Nowadays we read about several people on social media who have become traders and made a fortune. This is maybe one of the reasons why people are entering the trading world and unfortunately in several cases these end up losing money. Why is this?
Never learned the basics
In order to enter the market quickly, some traders just open an account without even having the knowledge of certain basic concepts. This will, more often than not, end up in burning all the investment before even starting.
Forget to save
To open an account, you don’t need a huge amount of money. It is however important to have a plan in place of what to do as your account grows. Patience and well thought strategy are important so you don’t end up losing all your growth in the fury of thinking that you have now become a Warren Buffet!
Not keeping a trading history
Keeping a track record is important so you understand what methods worked and what didn’t.
Guidance
Like everything in life, we are all bound to make mistakes and this is also relevant in trading. Consulting experts and having the proper training is imperative in order to build your success.
Not doing research or lack of it
Sometimes we are all tempted to trade on just the basis of hearing some news or because someone is saying to do so. It is vital that before investing we do our own research and make logic decisions rather than just invest on the basis of a rumour or media pressure.
Chasing the price
A common mistake by beginners is that to chase the price. It is very normal to hear about a particular share or asset which is increasing constantly in value. What might happen is that at that point the price has already reached an important level and there is good probability that once you invest, the price will start decreasing as other traders will start to sell to take out their profits.
Fear of failure
Some traders are afraid to lose money and therefore they end up only pursue deals that carry very minimal risk. While risk control is important, at some point or another a trader need to step out of his/her comfort zone and getting use to higher level or risk in order to reap higher rewards.
Complacency
As time goes by and traders start making money, a very common risk which they face does not come from the market but is actually coming from the inside. Compalcency starts when they become too comfortable and lazy to do additional research or keep an eye on the market. This will end up badly as they will start losing money.
Cutting losses short, let winners run
Psychology plays a vital role in trading. A common mistake done by many is that whenever we have a loosing position, we cut out our losses immediately without a proper risk strategy in place. This is because we have the fear that the price will continue to decrease and hence our loss will be bigger. On the other hand when a position is making a profit some tend to leave it open as they think that profits can keep on getting bigger without putting any limits and take out profits.
Big position sizes
Traders might become greedy and when there is an investment which is doing well, they might increase the position size in order to make a higher profit in a short time span.
How can you counter these difficulties?
- A) Learn the basic concepts and keep on learning. Even the most experienced traders do! A strong foundation is important in order to familiarize yourself with the markets, concepts and strategies involved.
Visit our manuals section to get the first grasp on the financial markets or book one of our courses.
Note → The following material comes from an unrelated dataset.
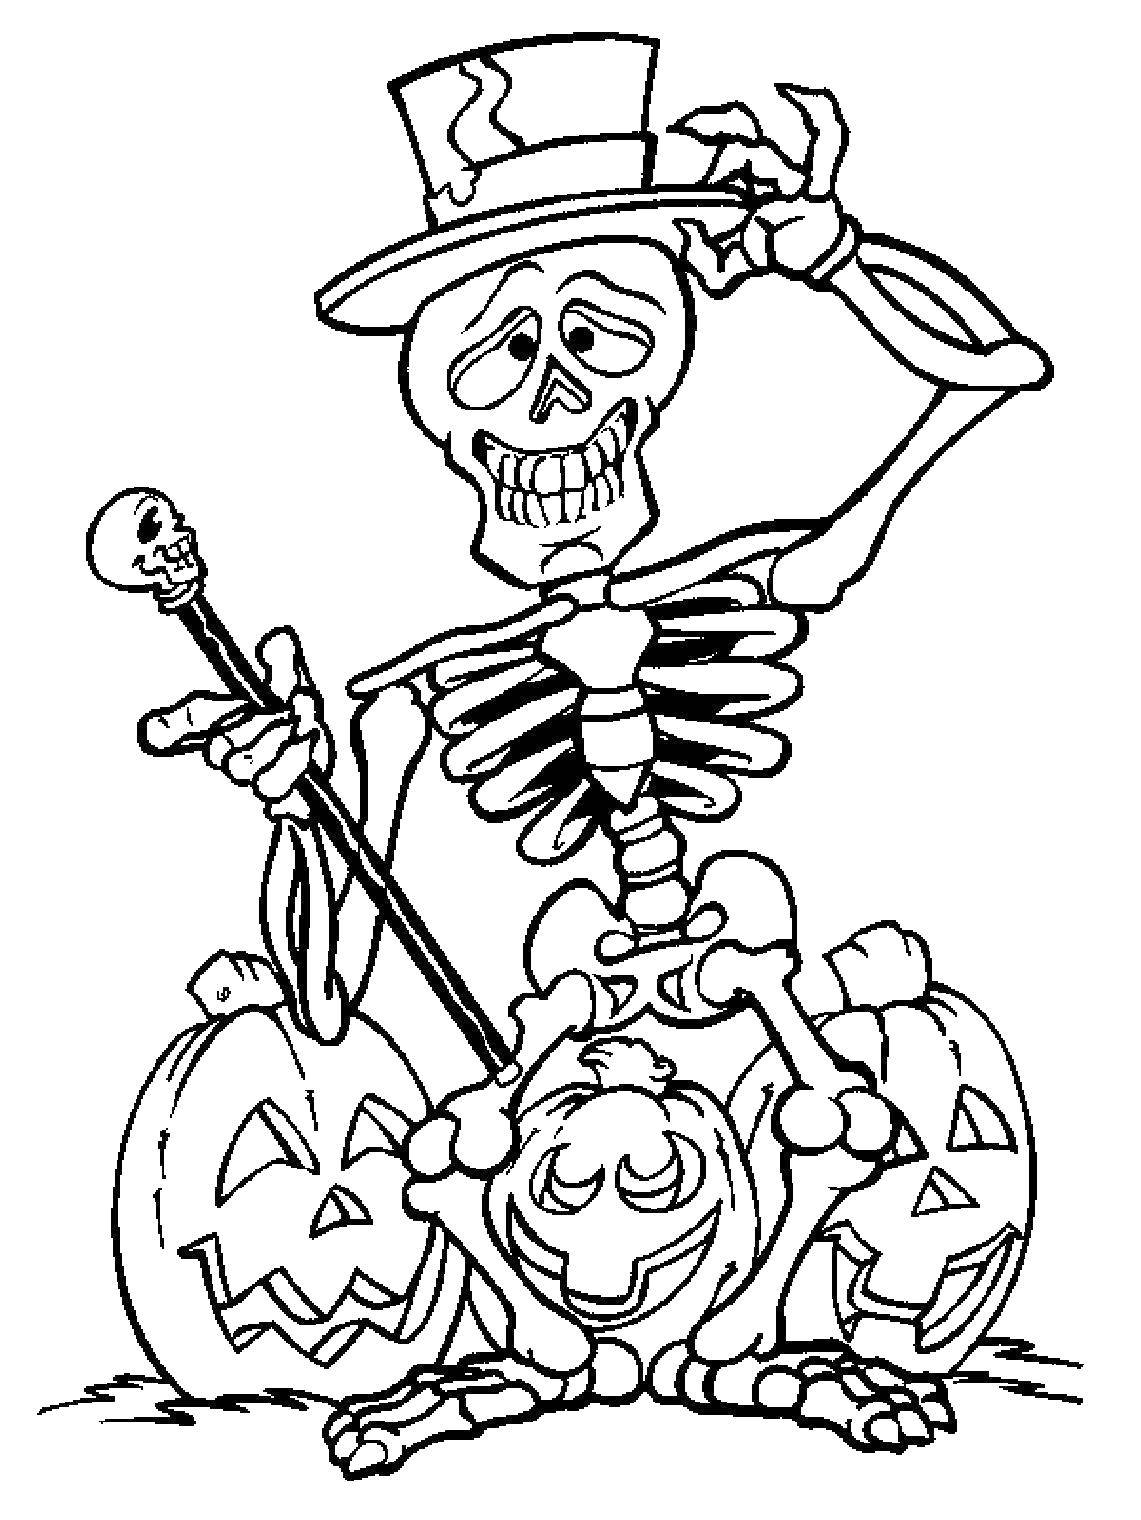 Название: Раскраска Скелетик в цилиндре и тыквы. Категория: тыква на хэллоуин. Теги: Хэллоуин, тыква, скелет.

- B) Set a trading plan and stick to it. What level of profit would you be happy with? Many of the most successful traders have very specific goals. By making clear, detailed goals that feel real and motivating to you, you can potentially create your own roadmap to success.
- C) Do your own research. Don’t trade on the basis of what the media pundits are saying but take time to research and make logic and informed investment decisions. After all each person have their own risk tolerance levels and investment objectives.
- D) Share your ideas and consult with others.
- E) Buy into weakness, sell into strength (don’t trade the news but make logic decisions)
- F) Filter your investments and use screeners. This is an important step to get started
- G) Maintain a trading journal. In this way you know what methods worked and what did not. This will also serve as a learning experience as you develop in your trading path.
- H) Don’t fall victim to your emotions. You need to build up a strong character in order to avoid the psychological pitfalls of getting too complacent or greedy.
- I) Put stop losses and limit orders in place as part of your strategy
- J) Patience is important especially with your loosing trades. If you have a well thought strategy, there is a high probability that a losing trade will become a winning trade in the long run.
- K) Keep positions small (relative to your overall investment) so that any negative fluctuations will not have a major impact on your overall balance and you can sleep without any worries!